• _ACTIVITY_
Please copy exactly the part of the records below that opens with the line containing "The marksman" and closes with the line containing "axa sawasdee thailand", leaving out any pictures.

• _DATA_
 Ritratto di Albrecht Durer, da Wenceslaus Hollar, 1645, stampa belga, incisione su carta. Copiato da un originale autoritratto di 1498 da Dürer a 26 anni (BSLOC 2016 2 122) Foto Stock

---

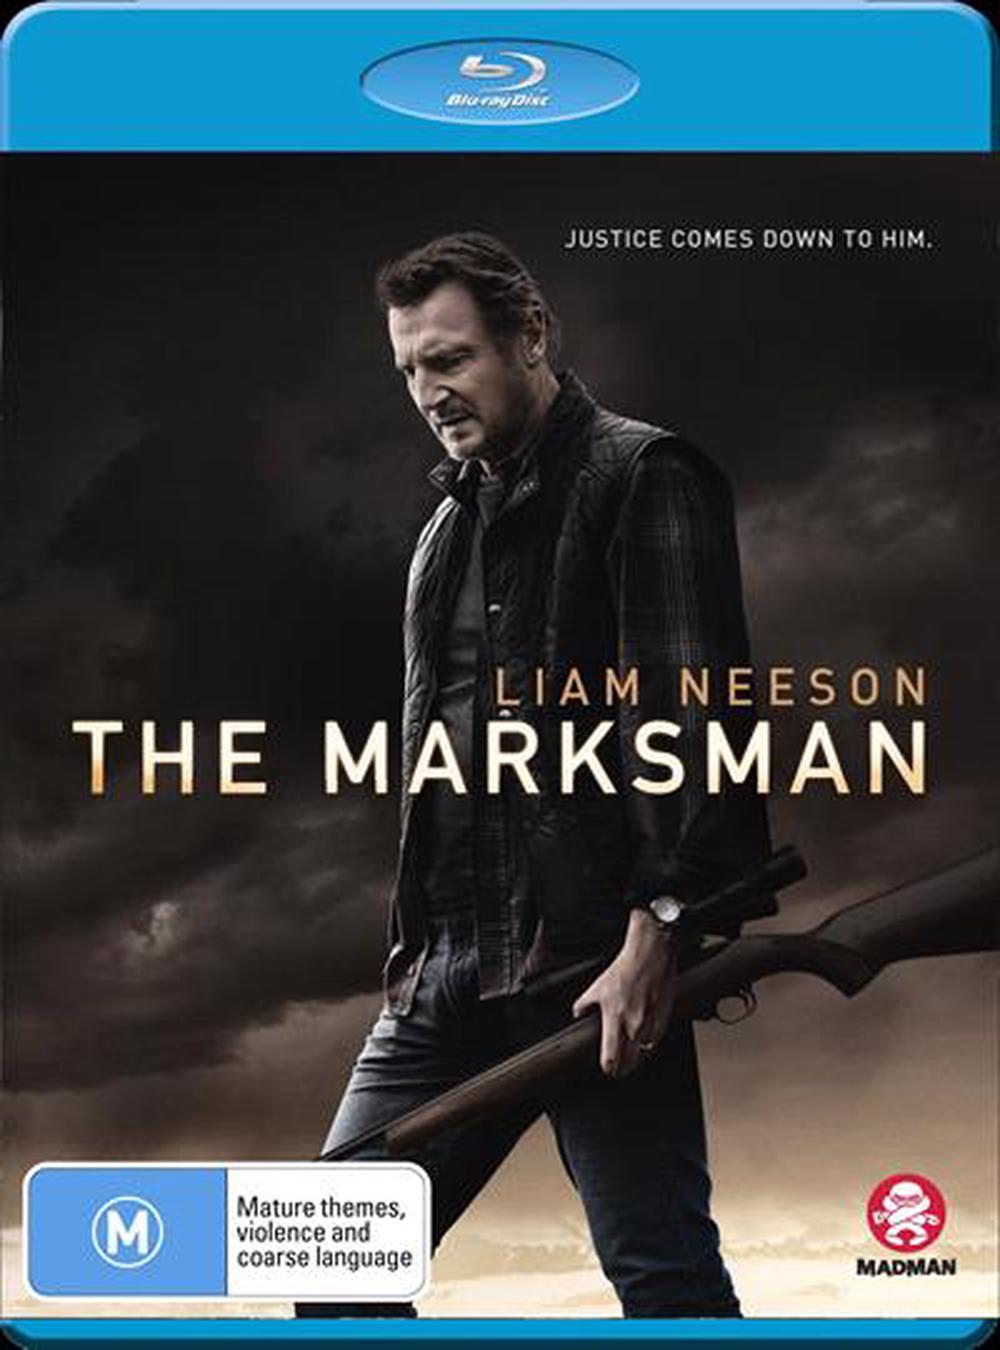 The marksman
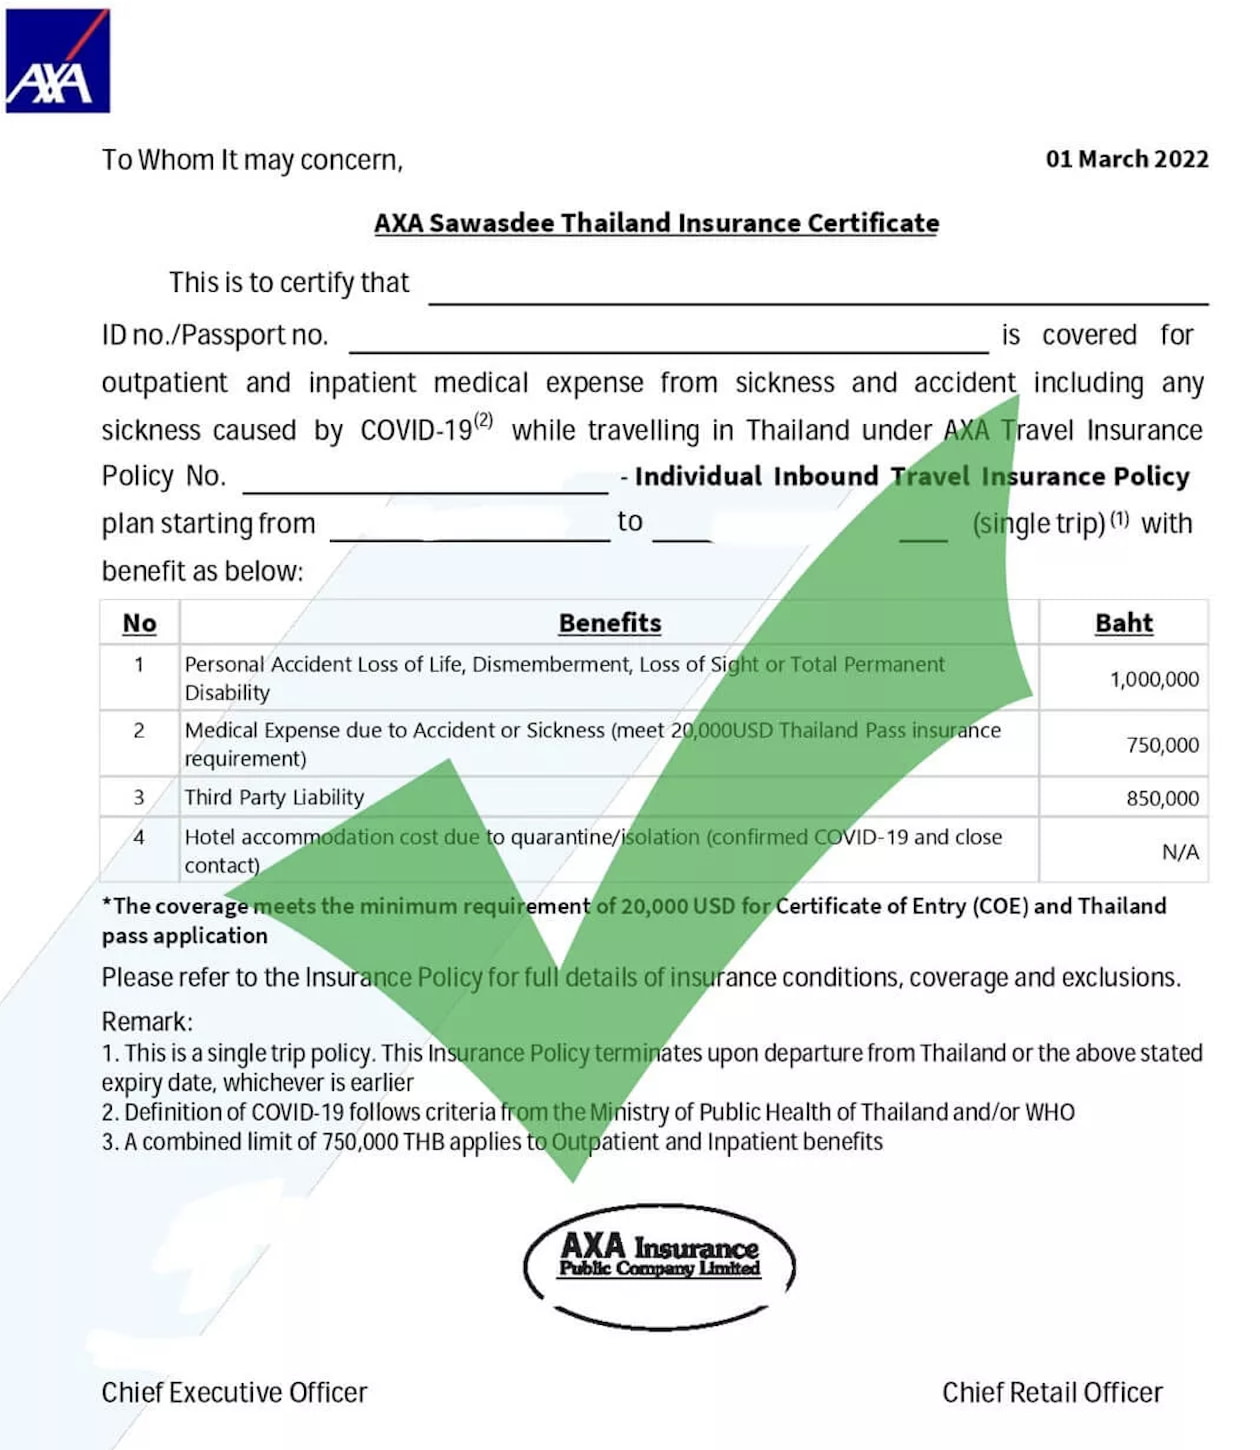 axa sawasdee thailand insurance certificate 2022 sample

...

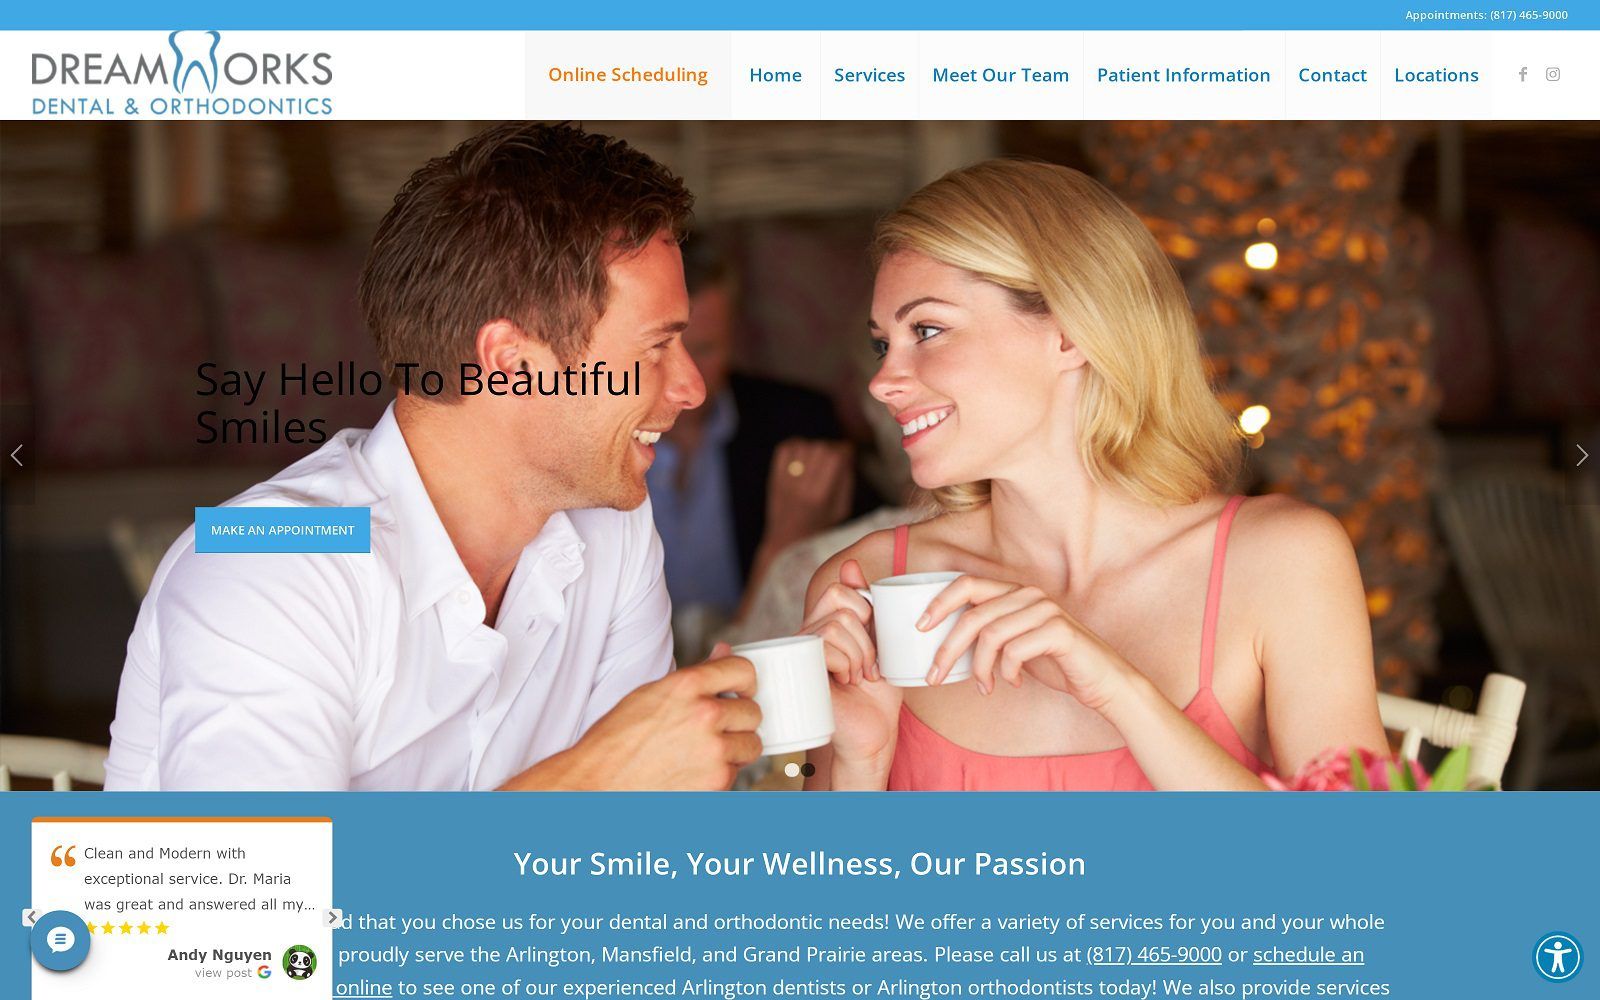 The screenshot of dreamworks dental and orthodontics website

• _YOUR SOLUTION_
 The marksman
 axa sawasdee thailand insurance certificate 2022 sample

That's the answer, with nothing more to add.